髪を切る場所がなくて困る…
この街には、お店がない。とにかく、お店がない。
激安スーパーも100円ショップも牛丼屋もチェーン店のハンバーガ屋も携帯電話ショップも、何もない。病院や歯医者さんすらない。
昔は、ガソリンスタンドやお豆腐屋さんなんかがあったのだが、それもなくなってしまった。
八百屋さん…は、なくてもどうにかなる。野菜を作っている農家は多いので、交渉しだいでいくらでも手に入る。ヒツジマーケットでも売っている。
魚屋さんは、1軒だけある。“上沢”というお店が、僕の家から歩いてすぐの所に建っている。家を出て左にちょっと歩くと、ヒツジマーケット。右にすぐのところに上沢は存在した。
もっとも、今は魚屋さんというよりかは、ちょっとしたスーパーか雑貨屋に近い。魚やお寿司などを中心に、肉や野菜も売られているし、海苔や缶詰といった保存食なども並んでいる。

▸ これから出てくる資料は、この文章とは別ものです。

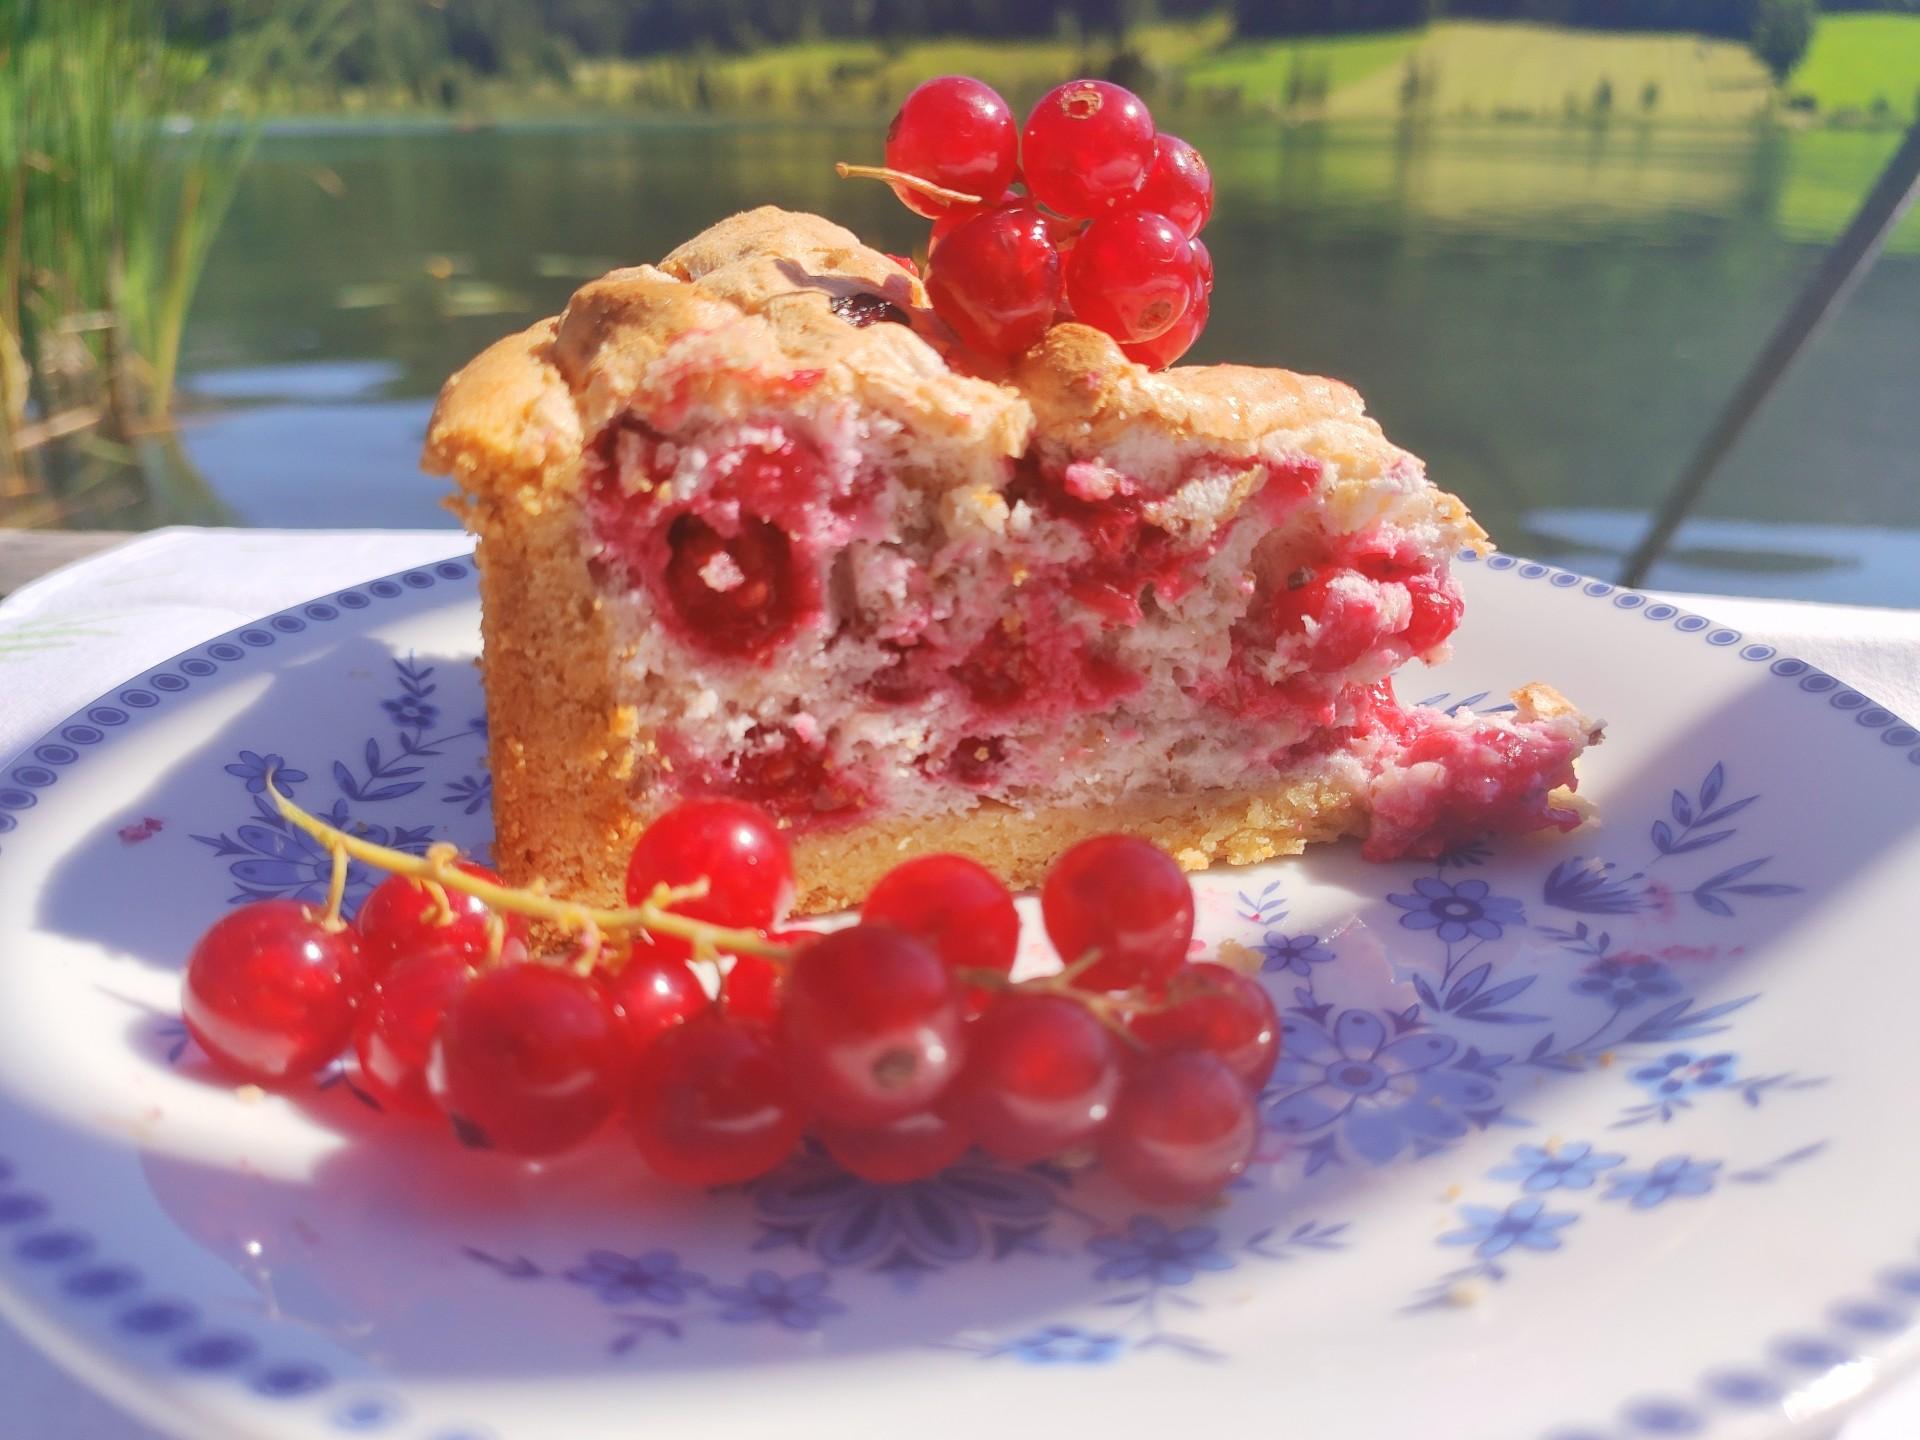 Johannisbeer Kuchen mit Mandelbaiser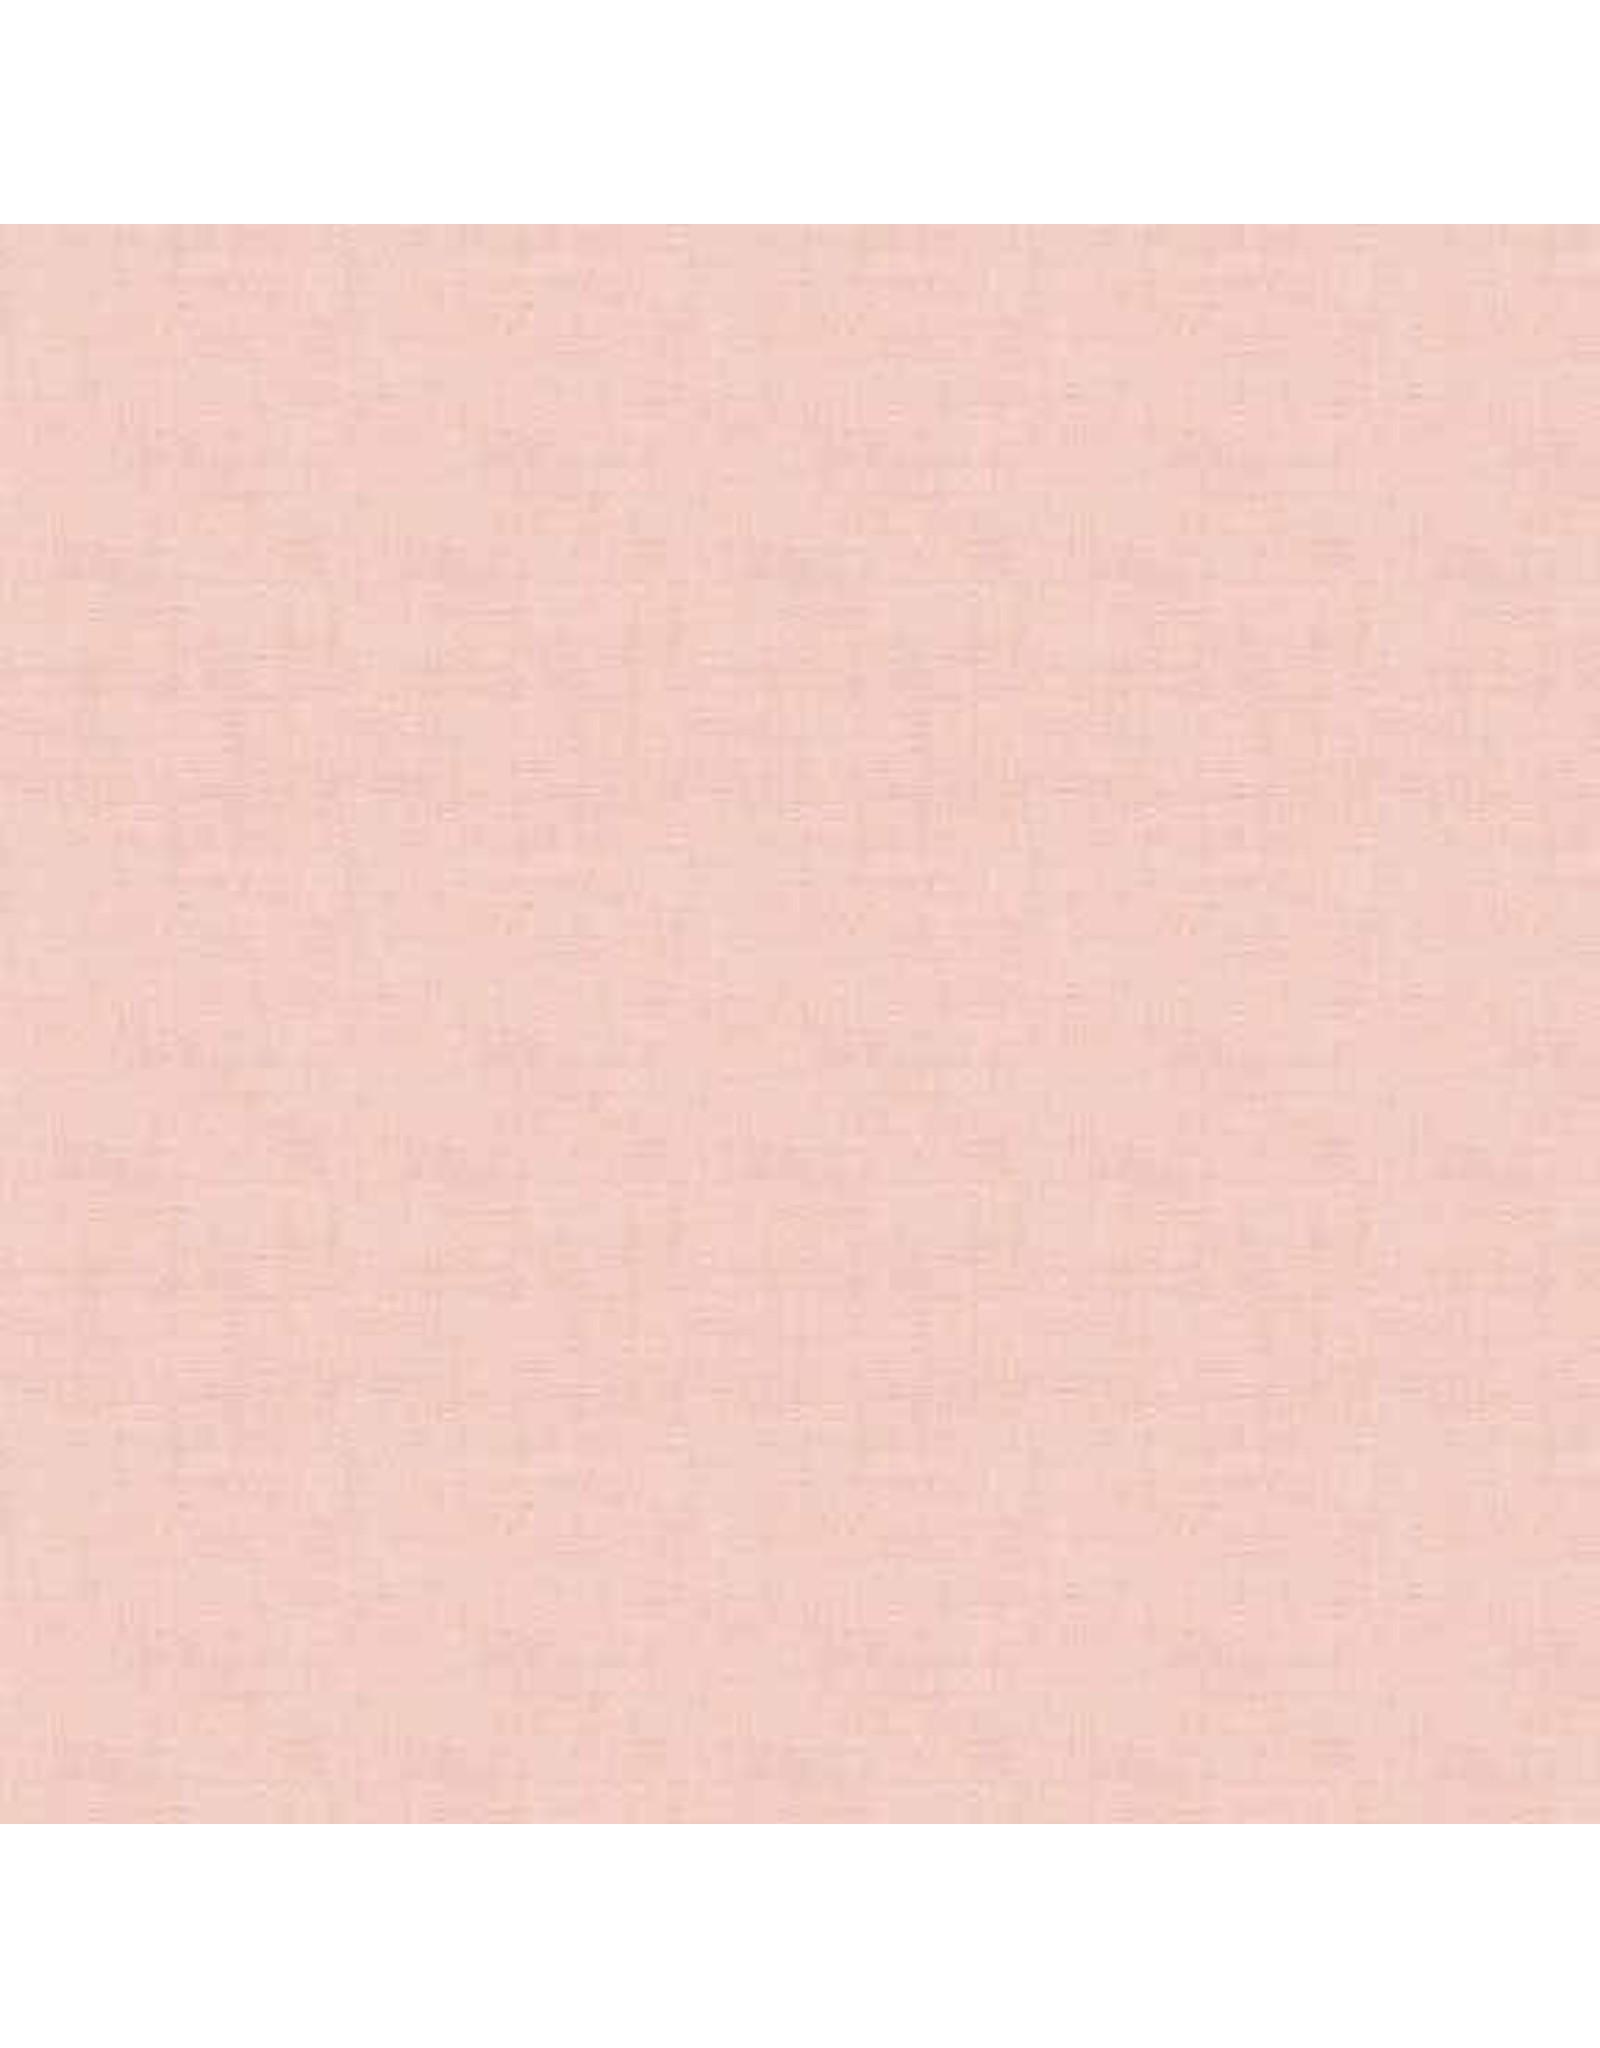 Makower UK Linen Texture - Pale Pink

役割としては、ヒツジマーケットに近かったが、雑誌などは売っていない。ヒツジマーケットがちょっと大きめの個人経営コンビニエンスストアといった感じなのに対して、上沢の方はもっと硬派な雑貨屋といった雰囲気をかもし出していた。
なんとなく、僕はヒツジマーケットに足を運ぶことが多かった。特に理由があるわけではないのだが、ほんとになんとなく。雰囲気的な問題だ。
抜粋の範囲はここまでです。